### [Activity]
The data below should be restated word for word, pictures omitted.

### [Dataset extract]
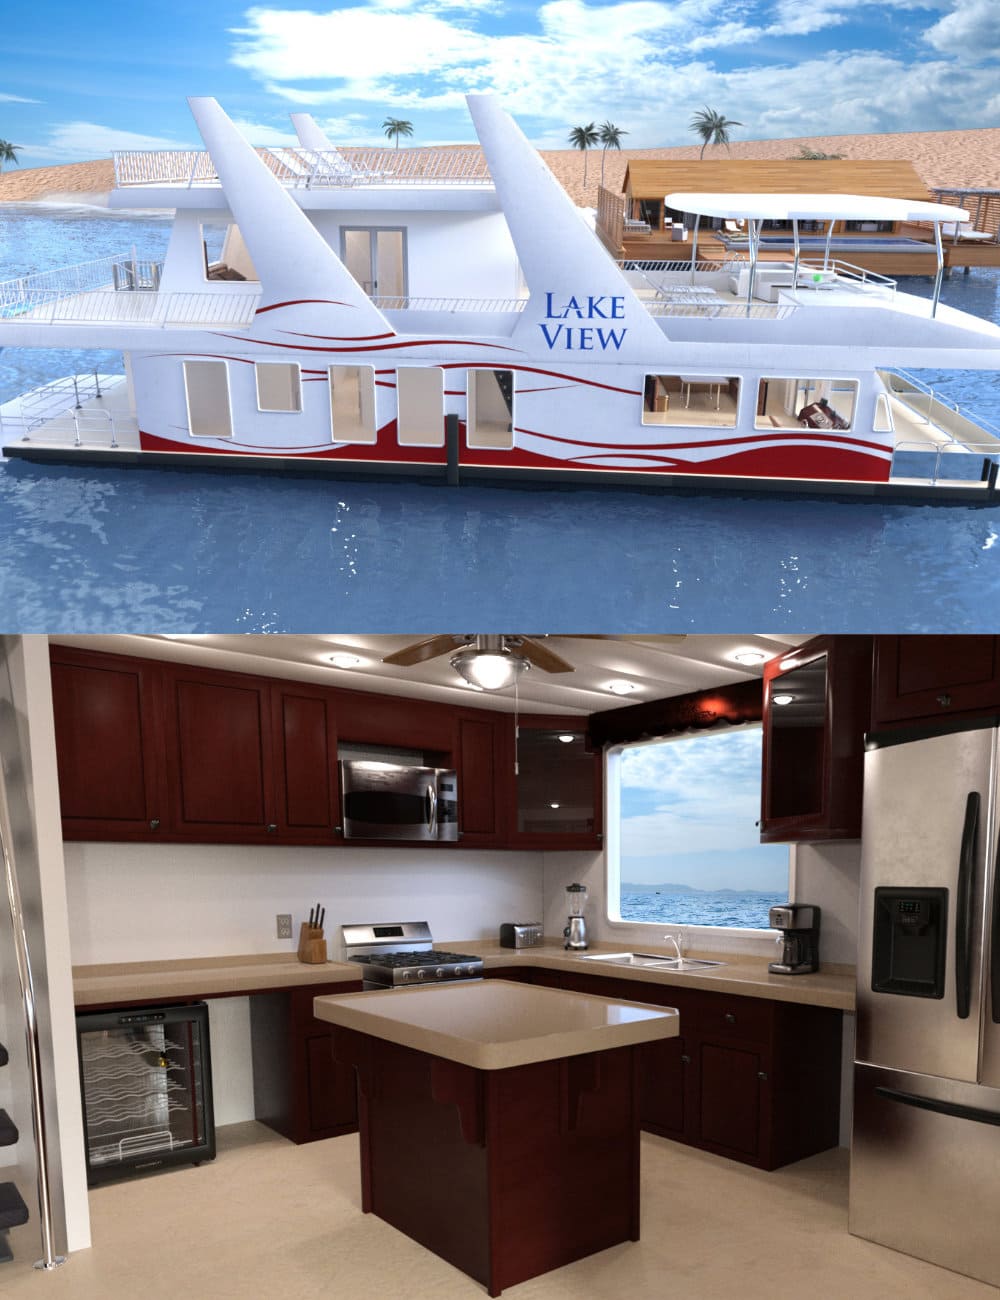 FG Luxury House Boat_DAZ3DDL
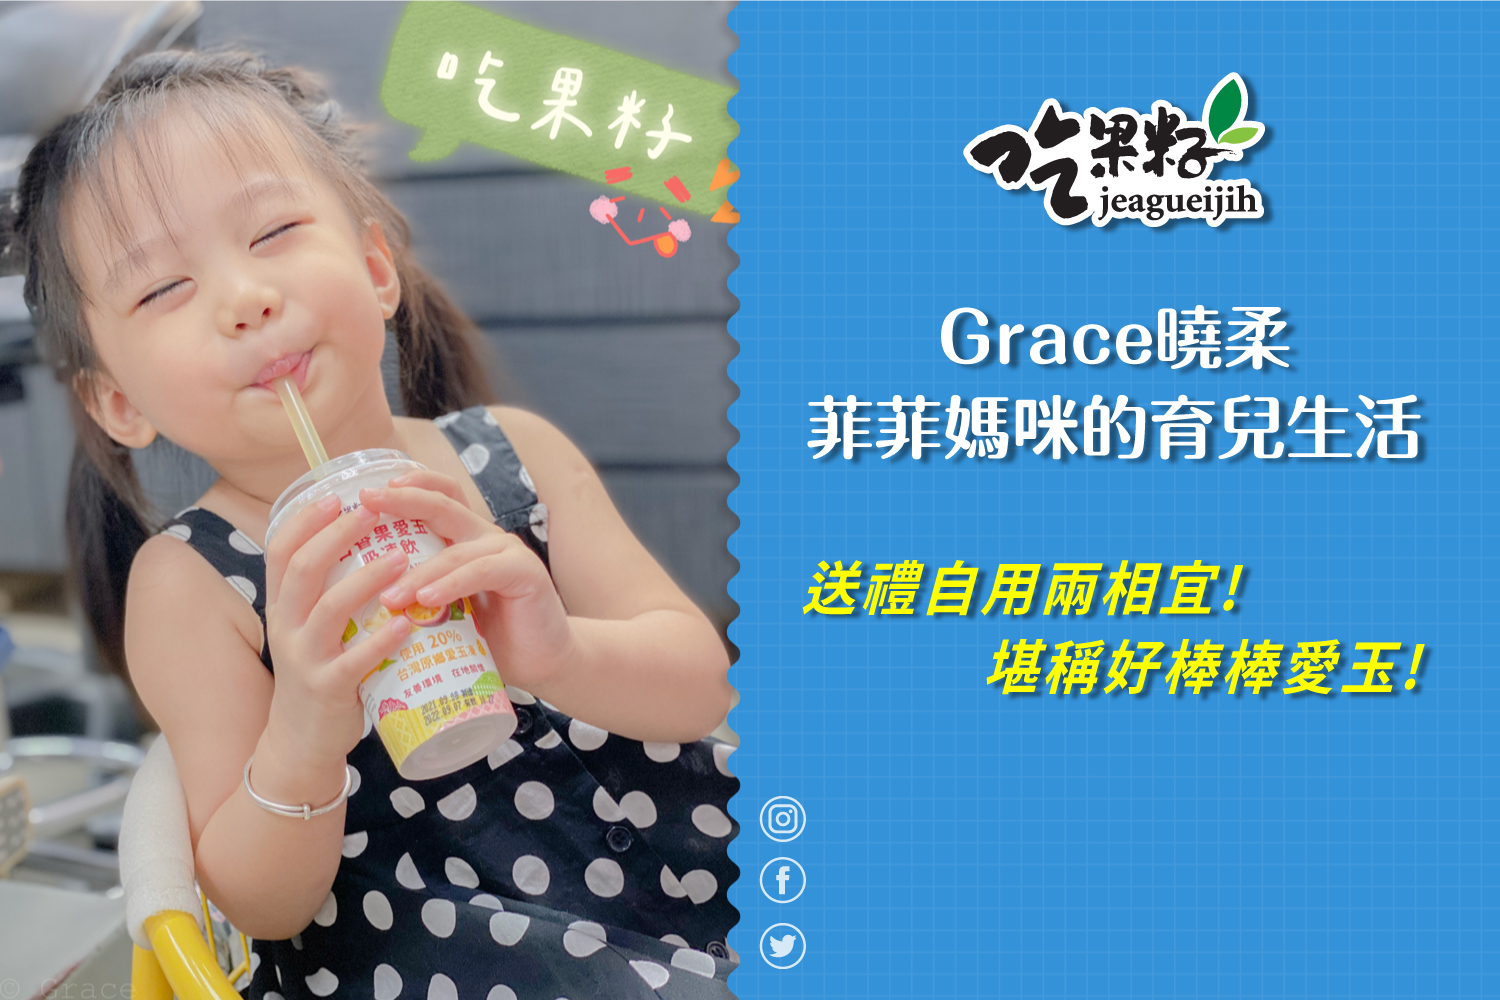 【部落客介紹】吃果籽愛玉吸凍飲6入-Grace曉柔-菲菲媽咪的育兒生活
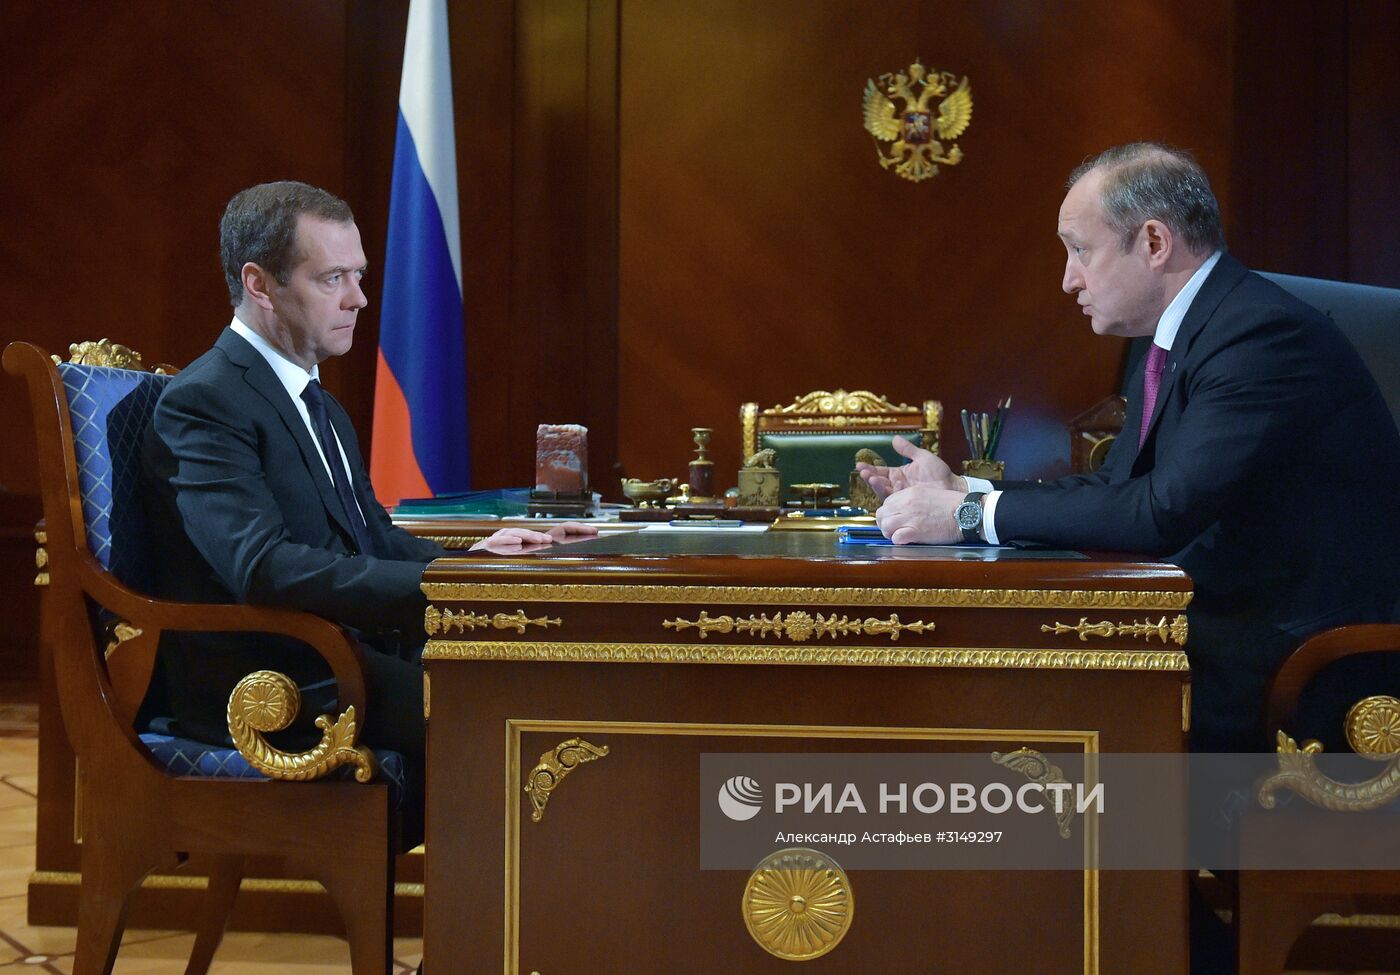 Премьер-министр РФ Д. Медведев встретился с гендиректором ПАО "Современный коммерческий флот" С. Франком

### [Expected answer]
 FG Luxury House Boat_DAZ3DDL
 【部落客介紹】吃果籽愛玉吸凍飲6入-Grace曉柔-菲菲媽咪的育兒生活
 Премьер-министр РФ Д. Медведев встретился с гендиректором ПАО "Современный коммерческий флот" С. Франком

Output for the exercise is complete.